- [RECORDED INFORMATION]
════

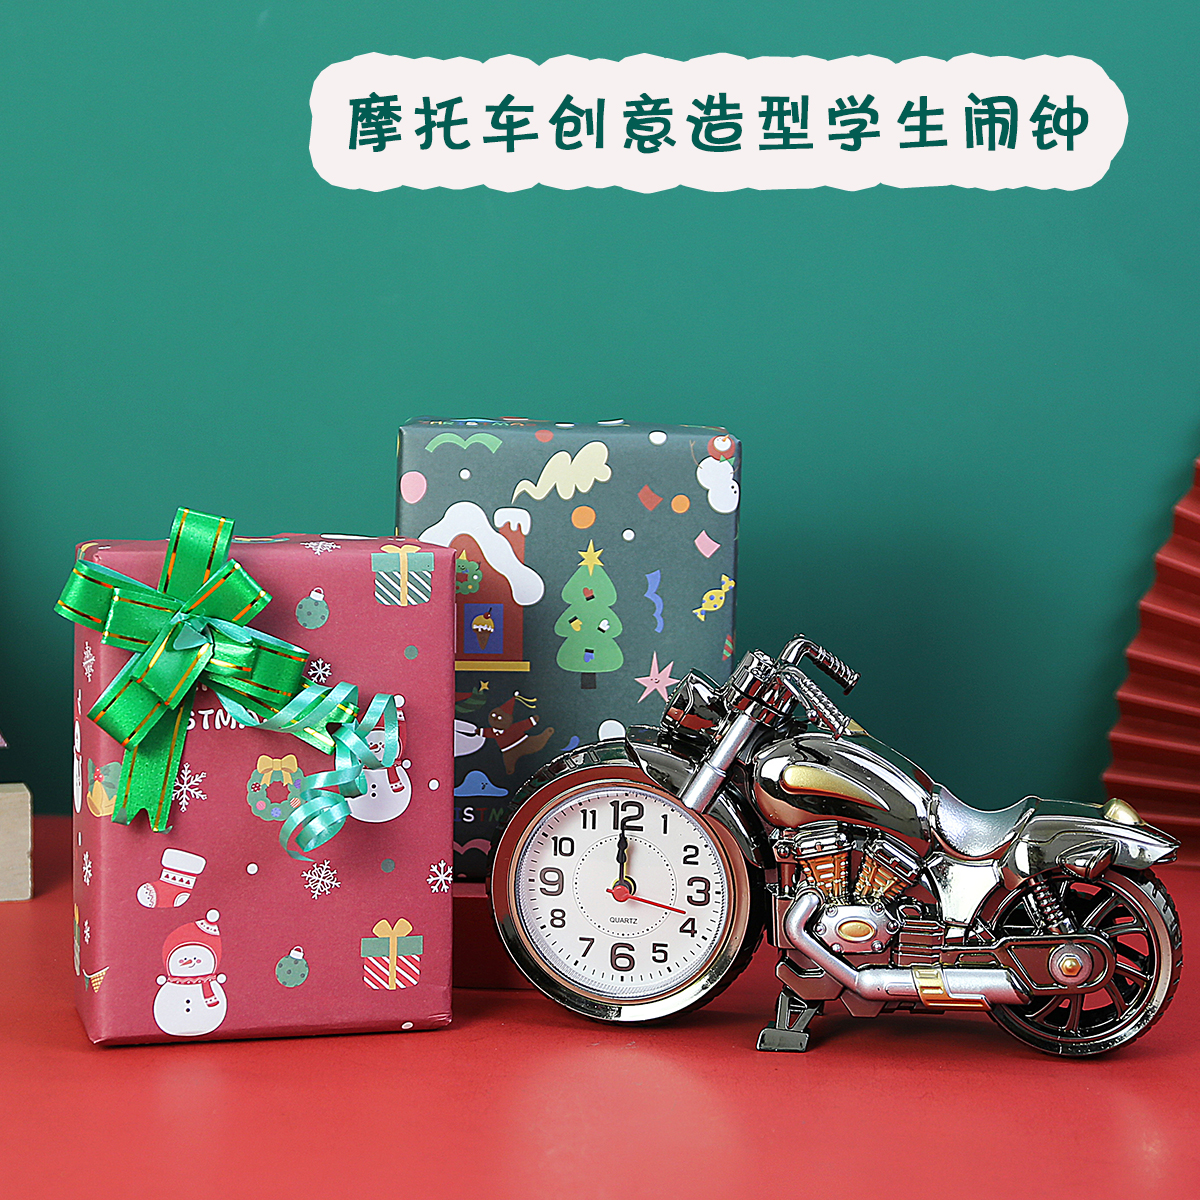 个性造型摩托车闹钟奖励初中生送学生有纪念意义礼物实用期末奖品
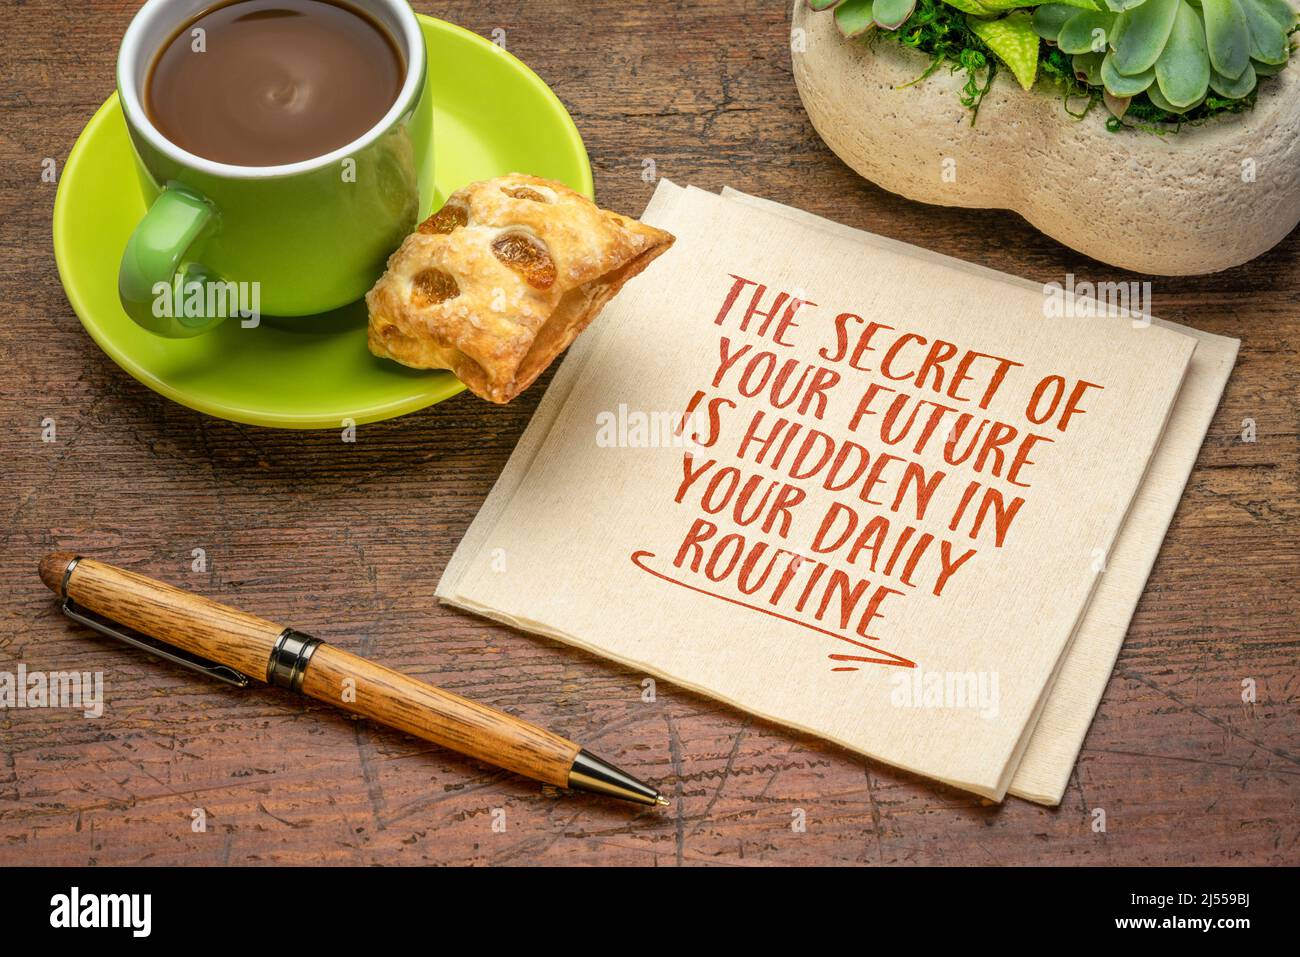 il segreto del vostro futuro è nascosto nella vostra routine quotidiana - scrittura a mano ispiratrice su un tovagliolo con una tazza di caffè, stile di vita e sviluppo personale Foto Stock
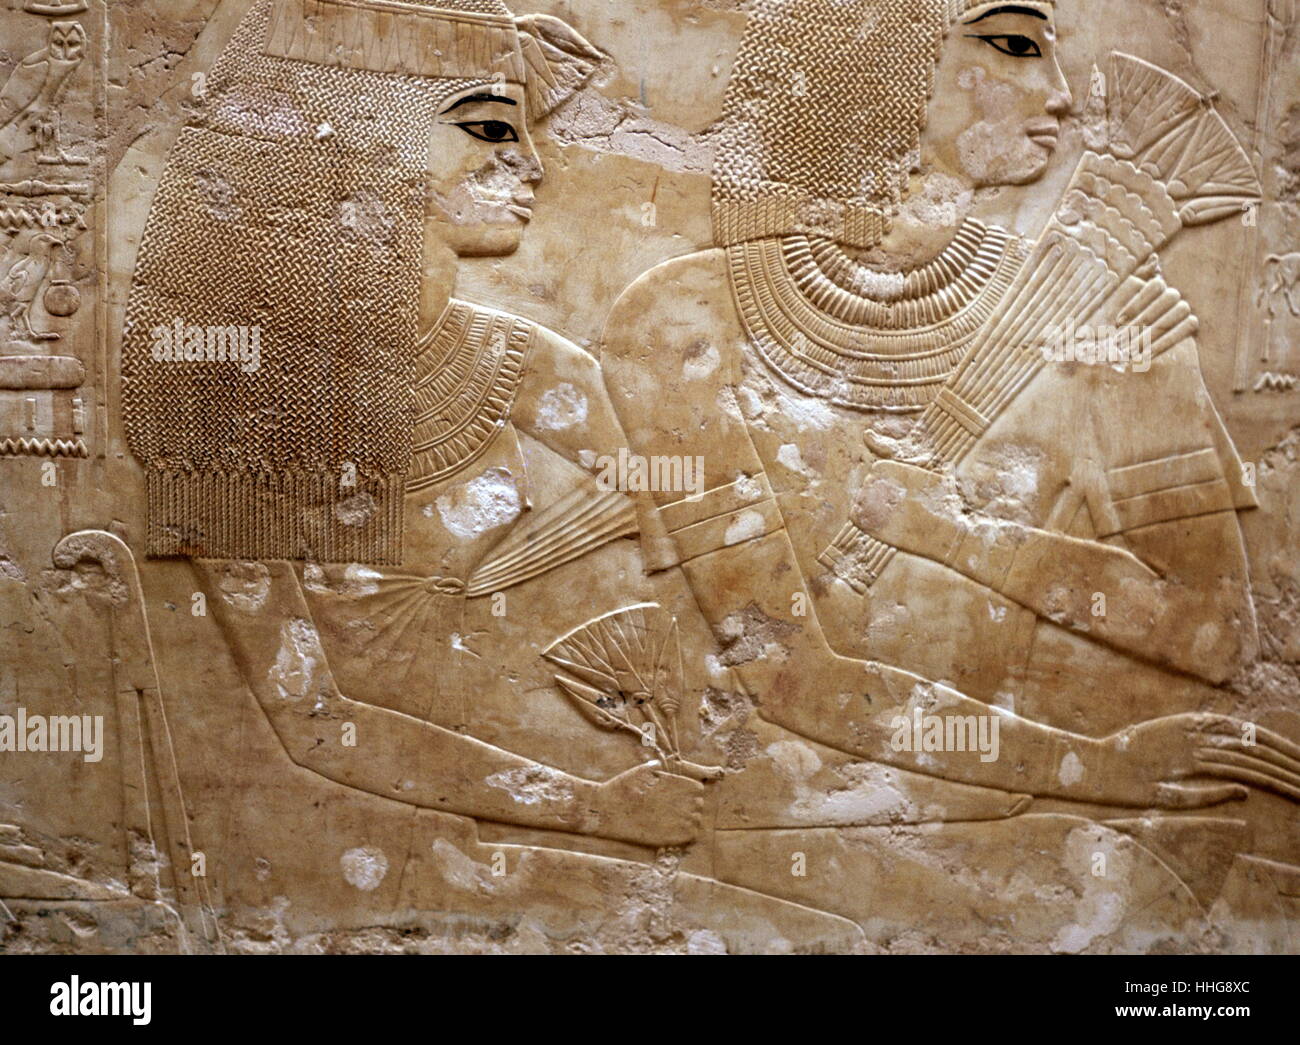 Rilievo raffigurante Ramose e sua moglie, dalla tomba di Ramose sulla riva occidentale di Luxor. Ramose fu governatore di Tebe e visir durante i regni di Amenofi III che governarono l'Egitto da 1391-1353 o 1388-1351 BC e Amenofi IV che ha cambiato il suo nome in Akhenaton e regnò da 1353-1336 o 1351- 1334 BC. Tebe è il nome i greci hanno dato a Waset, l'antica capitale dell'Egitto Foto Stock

════

- [EXERCISE]
Give back the whole listing exactly as it stands. No pictures belong in the copy.

- [REPLY]
 个性造型摩托车闹钟奖励初中生送学生有纪念意义礼物实用期末奖品
 il segreto del vostro futuro è nascosto nella vostra routine quotidiana - scrittura a mano ispiratrice su un tovagliolo con una tazza di caffè, stile di vita e sviluppo personale Foto Stock
 Rilievo raffigurante Ramose e sua moglie, dalla tomba di Ramose sulla riva occidentale di Luxor. Ramose fu governatore di Tebe e visir durante i regni di Amenofi III che governarono l'Egitto da 1391-1353 o 1388-1351 BC e Amenofi IV che ha cambiato il suo nome in Akhenaton e regnò da 1353-1336 o 1351- 1334 BC. Tebe è il nome i greci hanno dato a Waset, l'antica capitale dell'Egitto Foto Stock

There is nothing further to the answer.